1Department of Biomedical, Metabolic and Neural Sciences, University of Modena and Reggio Emilia, Modena, Italy; 2Department of Health Sciences, University of Milano Bicocca, Monza, Italy

Background: The modifications of cholesterol metabolism associated with aging are ill-defined. The objective of this study was to define age-associated alterations of the different metabolic pathways controlling cholesterol homeostasis by analyzing circulating sterols.
Methods: We analyzed serum samples collected from 201 adult (75 male, 126 female) subjects within the epidemiological MICOL study (Multicentrica Italiana Colelitiasi). The age range was 38–79 years; 103 had evidence of gallstones. The concentrations of the different sterols, recognized as markers of the main pathways of cholesterol homeostasis, were analyzed by gas chromatography–mass spectrometry, including lathosterol (synthesis), campesterol and sitosterol (absorption), and 7α-hydroxy-4-cholesten-3-one (degradation to bile acids).
Results: A significant direct correlation was detected between age and cholesterol levels (r=0.34, P<0.01). The lathosterol/cholesterol ratio was lower in older age quartiles (P<0.05 by analysis of variance), with an inverse correlation between the lathosterol/cholesterol ratio and age (r=−0.32, P<0.01). Such correlation was particularly evident in females. The campesterol/cholesterol and sitosterol/cholesterol ratios were inversely correlated with aging in control, but not in gallstone patients. The levels of 7α-hydroxy-4-cholesten-3-one were not correlated with age.
Conclusion: These data show a reduction of cholesterol synthesis with aging which is associated with increased circulating cholesterol levels. The finding might be related to a reduced metabolic need for cholesterol in advancing age, leading to a downregulation of the main mechanisms of cholesterol intake in the liver. A different age-related behavior was observed in gallstone-free versus gallstone patients regarding cholesterol absorption. The possible implications in terms of the pharmacological management of hypercholesterolemia in the elderly remain to be defined.

Keywords: aging, cholesterol metabolism, cholesterol synthesis, gallstone disease, cardiovascular risk


The influence of aging on cholesterol homeostasis in humans is poorly defined. A number of epidemiological studies suggest that serum cholesterol levels tend to increase in adult age, but subsequently decrease in the very elderly.1 On the other hand, the impact of serum cholesterol as a cardiovascular risk factor is debated2 and the use of cholesterol-lowering agents in old age is extremely controversial.36

Whereas the prevalence of cholesterol gallstone disease increases with advancing age,7 the underlying mechanisms are not well understood, and the presence of metabolic alterations themselves as predisposing factors of gallstone disease is also a matter of debate.8,9

Clear-cut evidence on specific alterations of cholesterol metabolism associated with old age is presently missing, mainly due to the complexity of the studies of clinical pathophysiology and, consequently, to the limited number of observations.
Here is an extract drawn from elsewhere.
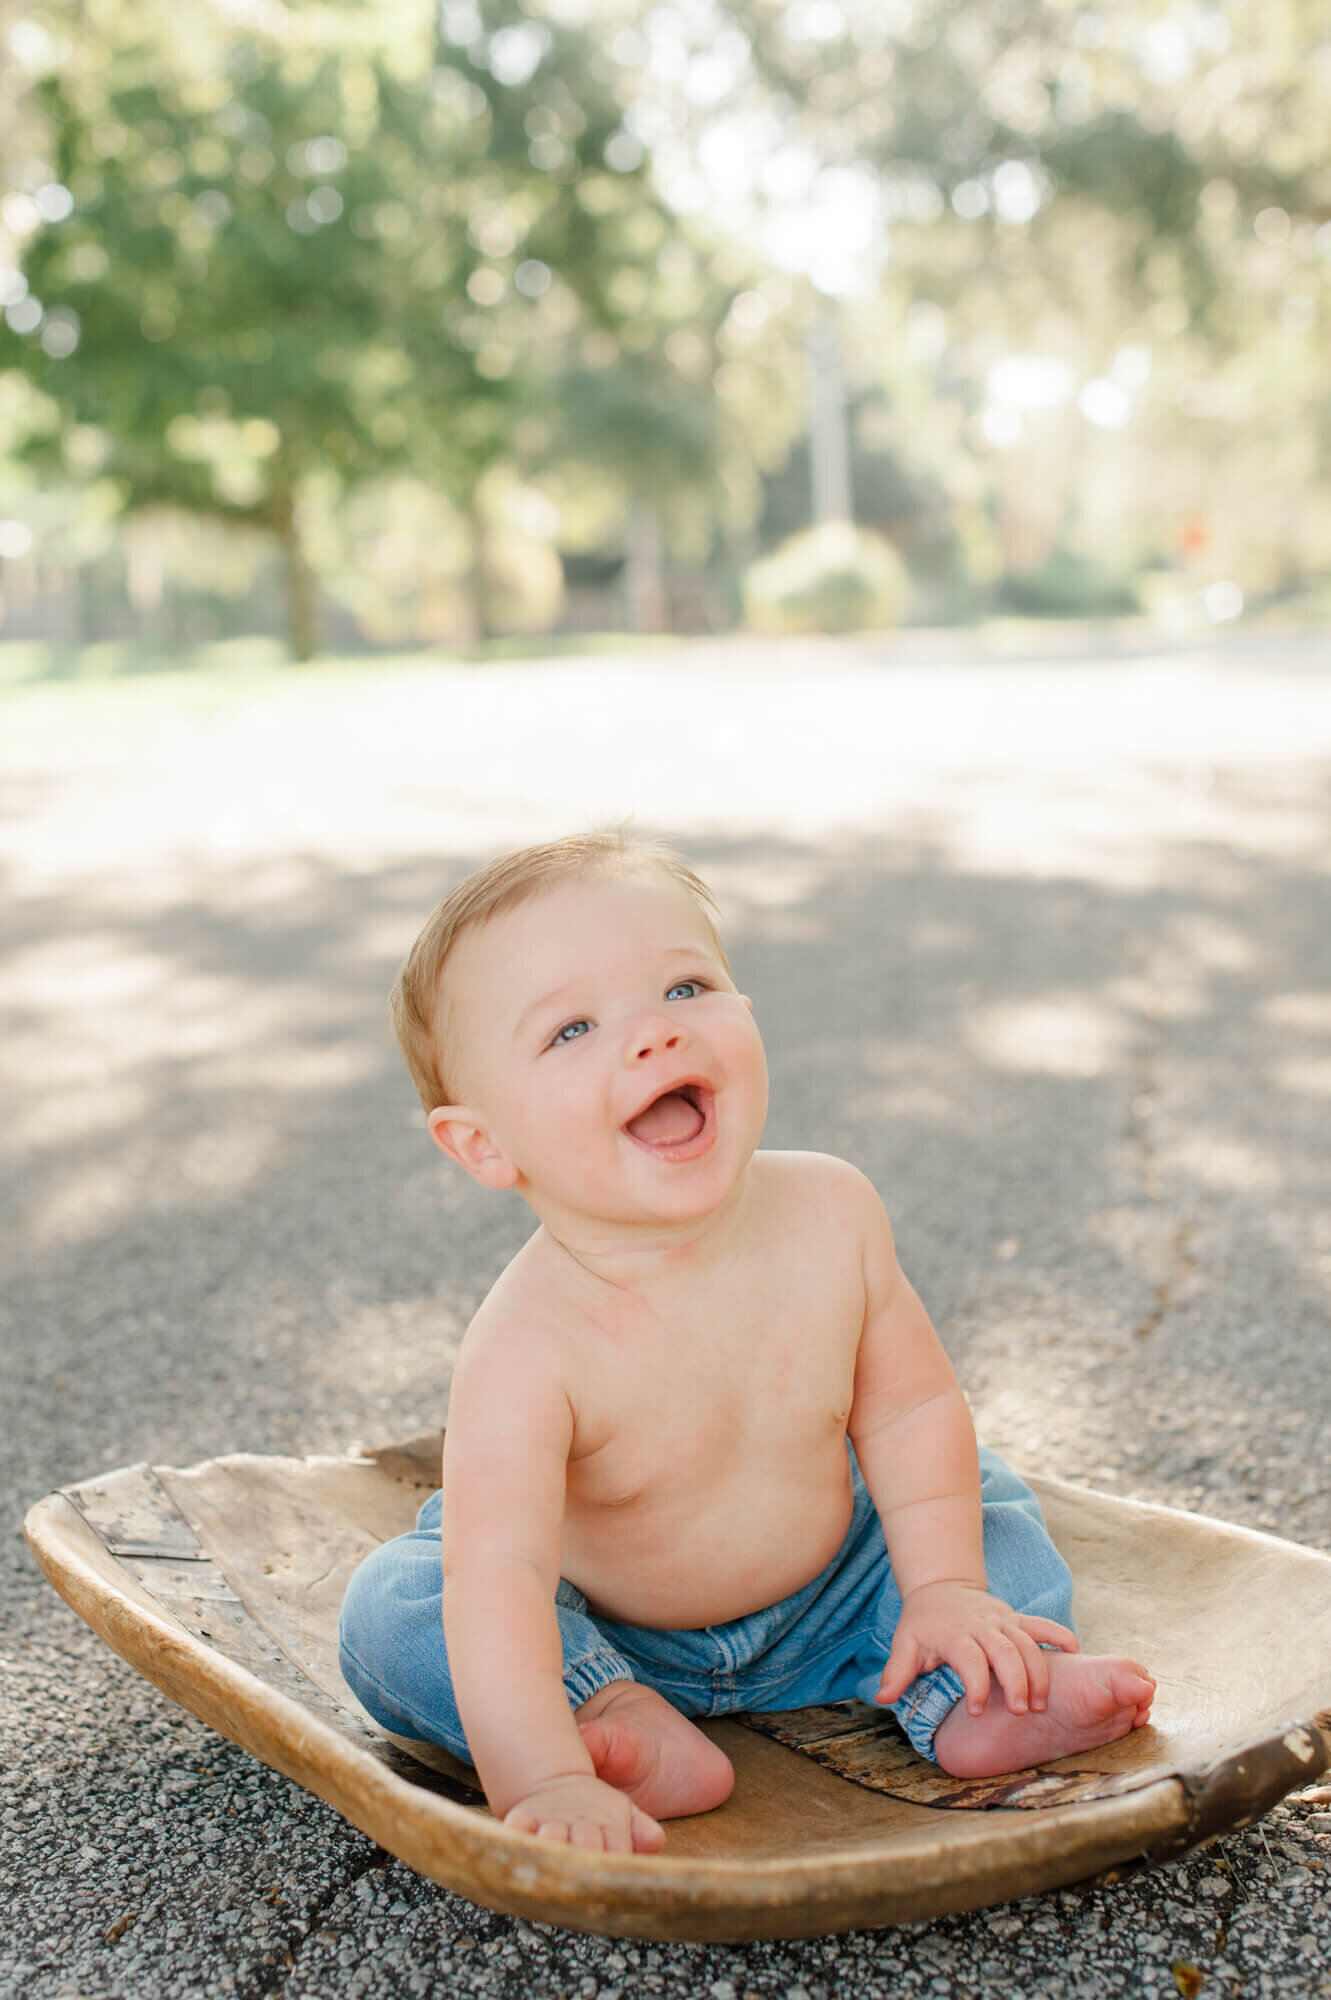 Melbourne Fl family photographer captures son smiling while sitting on a wooden seat in the middle of the road

Data in human males, however, have shown a reduction in the turnover of low density lipoprotein (LDL)10 and other reports seem to suggest that a reduction in the conversion of cholesterol to bile acid takes place.1113

Likewise, the presence of specific metabolic alterations in gallstone disease has been postulated in the past.14,15 Once again, the rather limited number of patients and tissue samples in individual reports makes it extremely difficult to achieve definite conclusions.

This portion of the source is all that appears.